Description of the task » Each line below is to be copied exactly; images do not go into the copy.
--- Exercise data Enclosed Below ---
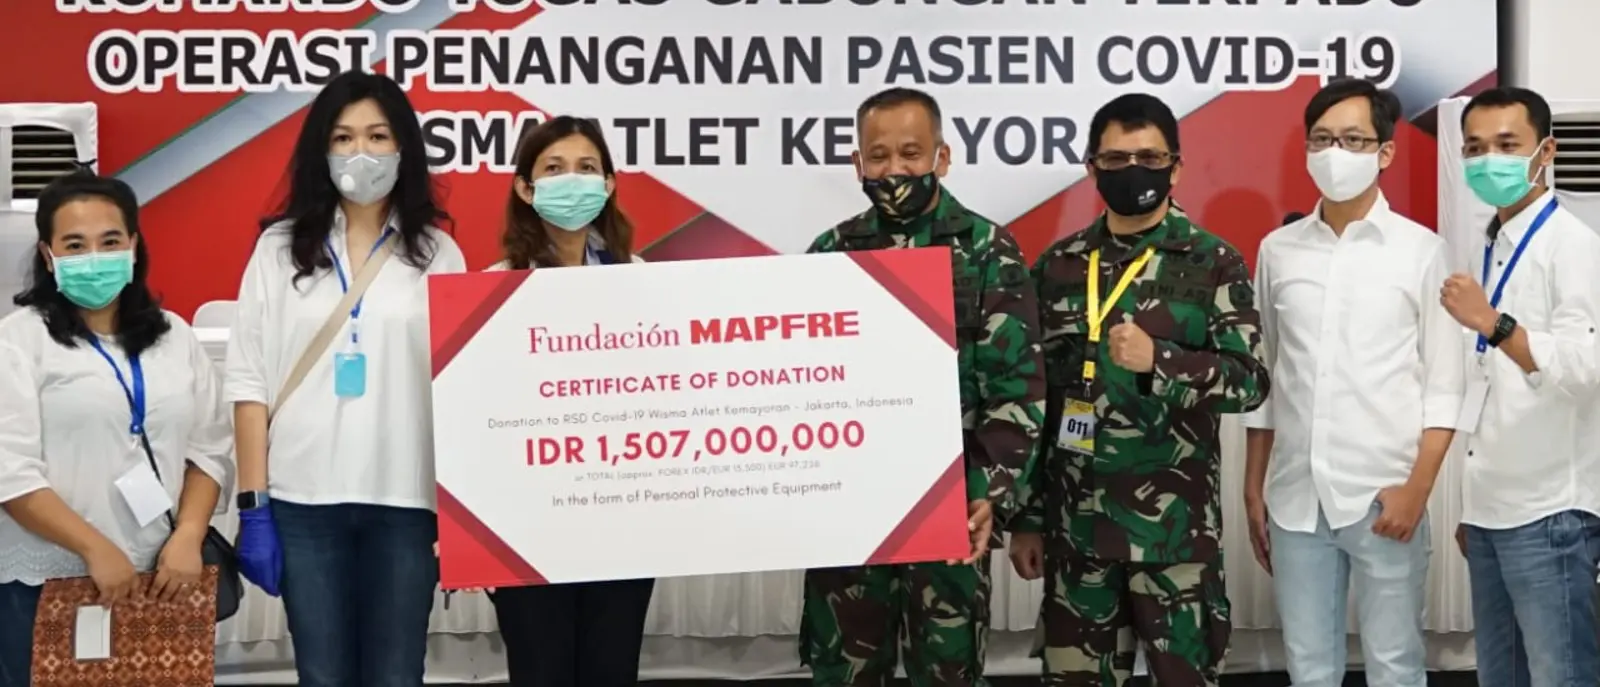 Indonésia: doamos equipamentos para proteger médicos e profissionais de saúde no Hospital Wisma Atlet Kemayoran
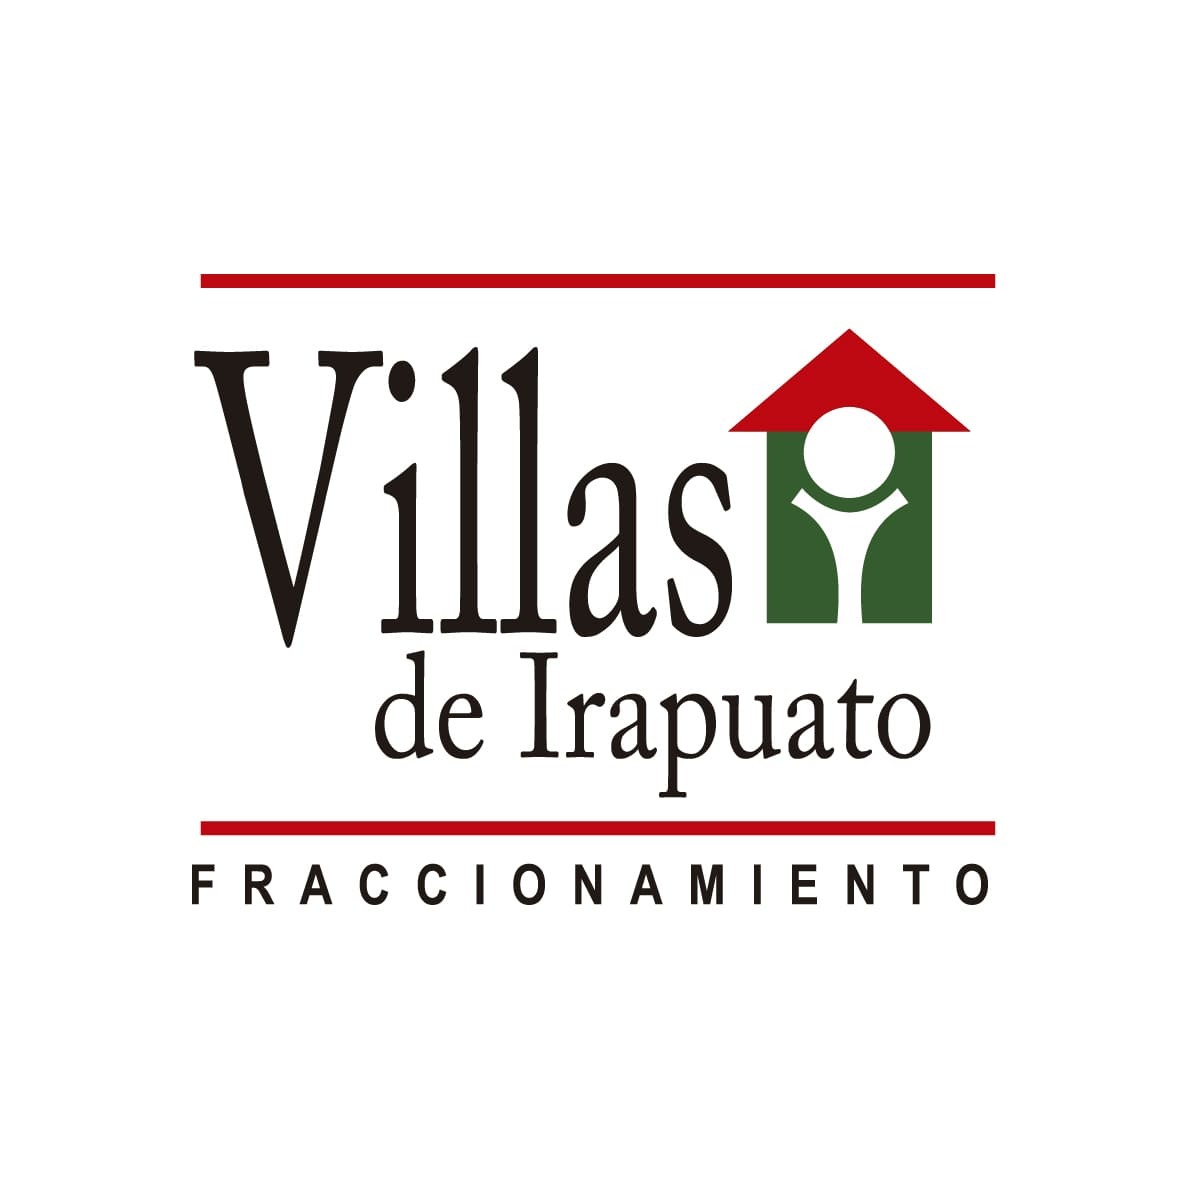 Villas de Irapuato - Villas de Irapuato el mejor lugar para vivir
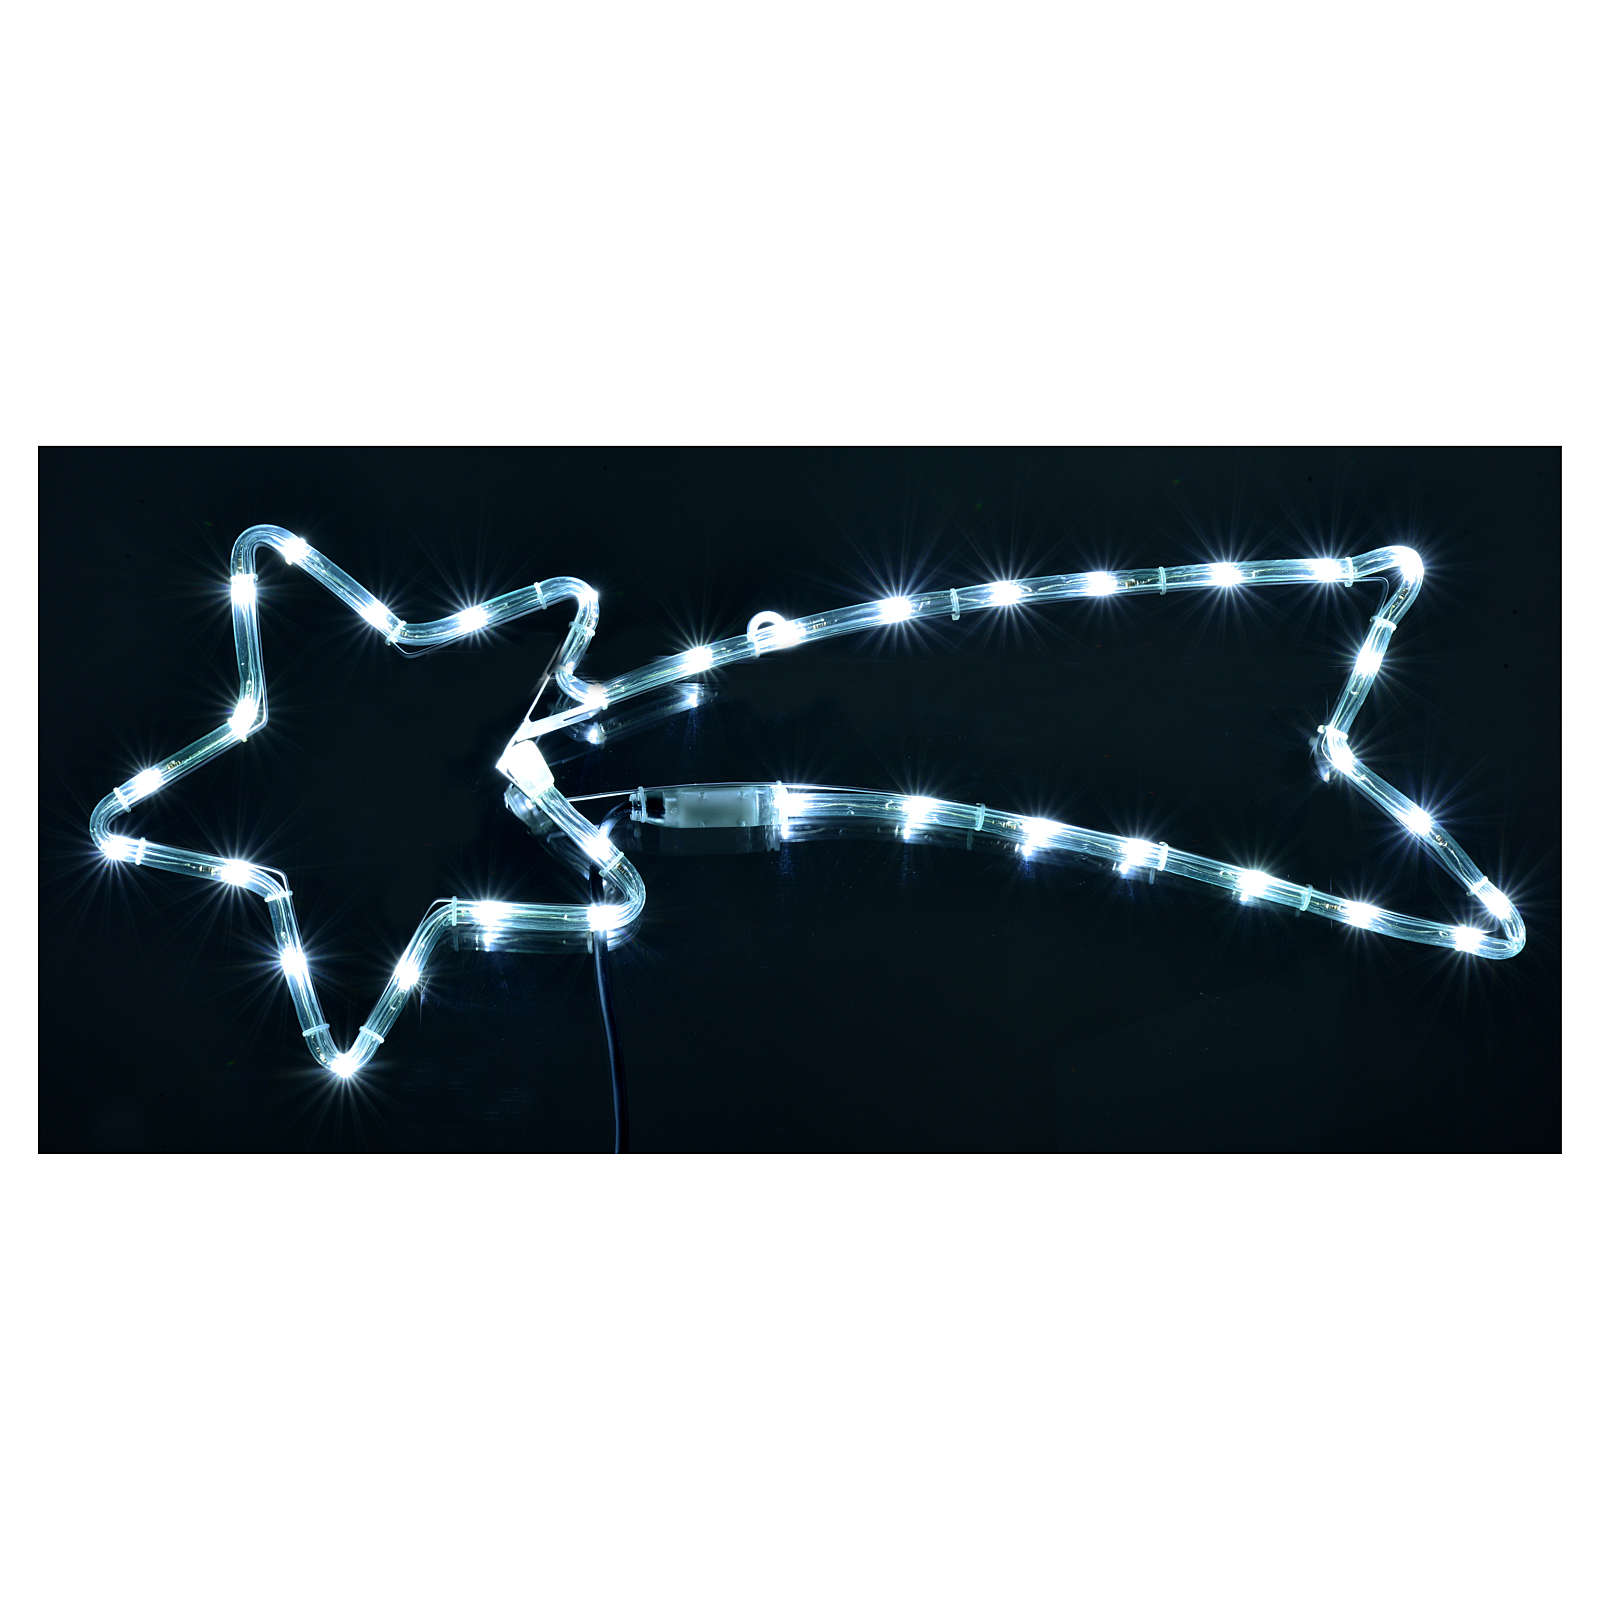 Stella Cometa Per Albero Di Natale.Stella Cometa Luminosa Led Bianco Ghiaccio Per Esterno Vendita Online Su Holyart
--- End of Enclosed Exercise data ---
Result of this task »
 Indonésia: doamos equipamentos para proteger médicos e profissionais de saúde no Hospital Wisma Atlet Kemayoran
 Villas de Irapuato - Villas de Irapuato el mejor lugar para vivir
 Stella Cometa Per Albero Di Natale.Stella Cometa Luminosa Led Bianco Ghiaccio Per Esterno Vendita Online Su Holyart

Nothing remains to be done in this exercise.